Pourquoi la prestataire a-t-elle été suspendue de son emploi?

[9] Je conclus que la prestataire a été suspendue de son emploi parce qu’elle est allée à l’encontre de la politique de vaccination de son employeur.

[10] La prestataire affirme qu’elle a refusé de se faire vacciner contre la COVID-19. Elle a dit qu’elle devait être entièrement vaccinée pour travailler.

[11] La Commission affirme que la prestataire n’a pas respecté la politique de son employeur sur la vaccination contre la COVID-19. Elle affirme que c’est pour cette raison que son employeur l’a suspendue.

[12] La prestataire ne conteste pas la raison pour laquelle son employeur l’a suspendue. Même si elle ne croit pas que le refus de se faire vacciner constitue une inconduite, je conclus que la prestataire a été suspendue de son emploi parce qu’elle est allée à l’encontre de la politique de vaccination contre la COVID-19 de son employeur.

La raison de la suspension de la prestataire est-elle une inconduite au sens de la loi?

[13] La raison de la suspension de la prestataire est une inconduite au sens de la loi.

[14] La Loi sur l’assurance-emploi ne précise pas ce qu’est une inconduite. Cependant, la jurisprudence (décisions des cours et des tribunaux) nous montre comment établir si la suspension du prestataire constitue une inconduite au sens de la Loi sur l’assurance-emploi. Il énonce le critère juridique de l’inconduite, c’est-à-dire les questions et les critères à prendre en considération lors de l’examen de la question de l’inconduite.

[15] Selon la jurisprudence, pour être considérée comme une inconduite, la conduite doit être délibérée. Cela signifie que la conduite était consciente, voulue ou intentionnelleNote de bas page 3. L’inconduite comprend également une conduite qui est si insouciante qu’elle est presque délibéréeNote de bas page 4. Il n’est pas nécessaire que la prestataire ait eu une intention coupable (c’est-à-dire qu’elle ait voulu faire quelque chose de mal) pour que son comportement soit une inconduite au sens de la loiNote de bas page 5.

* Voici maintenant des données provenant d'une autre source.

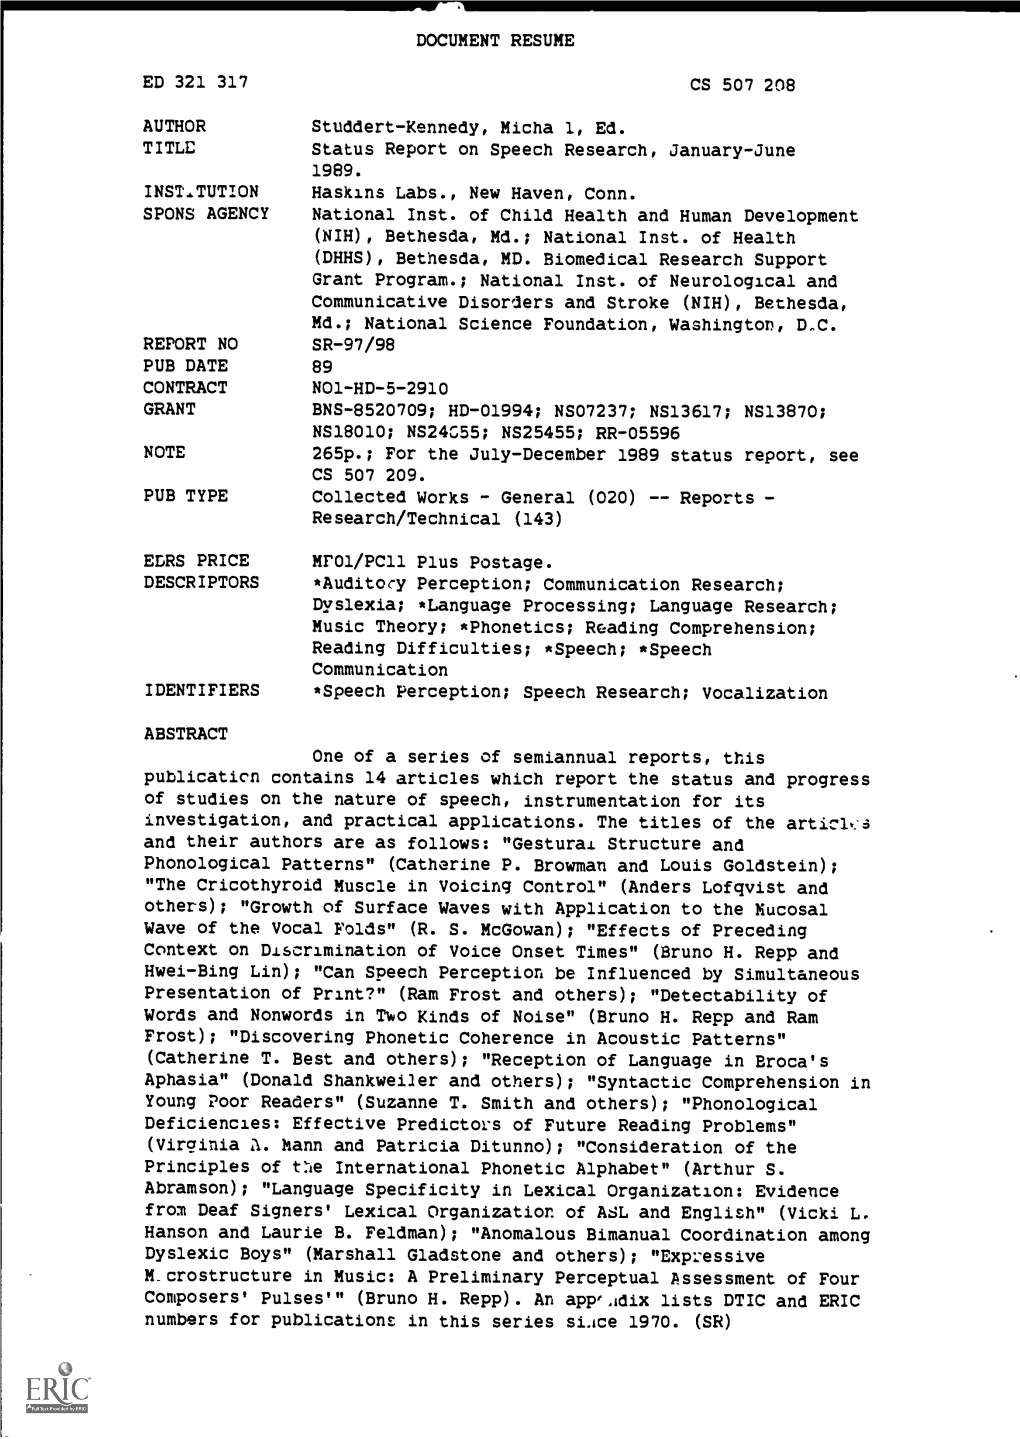 Status Report on Speech Research, January-June 1989. INST.TUTION Haskins Labs., New Haven, Conn

[16] Il y a inconduite si la prestataire savait ou aurait dû savoir que sa conduite pouvait l’empêcher de remplir ses obligations envers son employeur et qu’il y avait une réelle possibilité qu’elle soit congédiée pour cette raisonNote de bas page 6.

[17] La loi ne dit pas que je dois tenir compte du comportement de l’employeurNote de bas page 7. Je dois plutôt me concentrer sur ce que la prestataire a fait ou n’a pas fait, et sur la question de savoir si cela constitue une inconduite au sens de la Loi sur l’assurance‑emploiNote de bas page 8.

[18] La Commission doit prouver que la prestataire a été suspendue de son emploi en raison d’une inconduite. Elle doit en faire la preuve selon la prépondérance des probabilités. Cela signifie qu’elle doit démontrer qu’il est plus probable qu’improbable que la prestataire a été suspendue de son emploi en raison d’une inconduiteNote de bas page 9.

[19] Je peux trancher les questions au titre de la Loi sur l’assurance-emploi seulement. Je ne peux pas décider si la prestataire a d’autres options au titre d’autres lois. Et ce n’est pas à moi de décider si son employeur l’a suspendue à tort ou s’il aurait dû prendre des dispositions raisonnables pour elleNote de bas page 10 (lui offrir des mesures d’adaptation). Je peux seulement examiner une chose : la question de savoir si ce que la prestataire a fait ou omis de faire est une inconduite au sens de la Loi sur l’assurance-emploi.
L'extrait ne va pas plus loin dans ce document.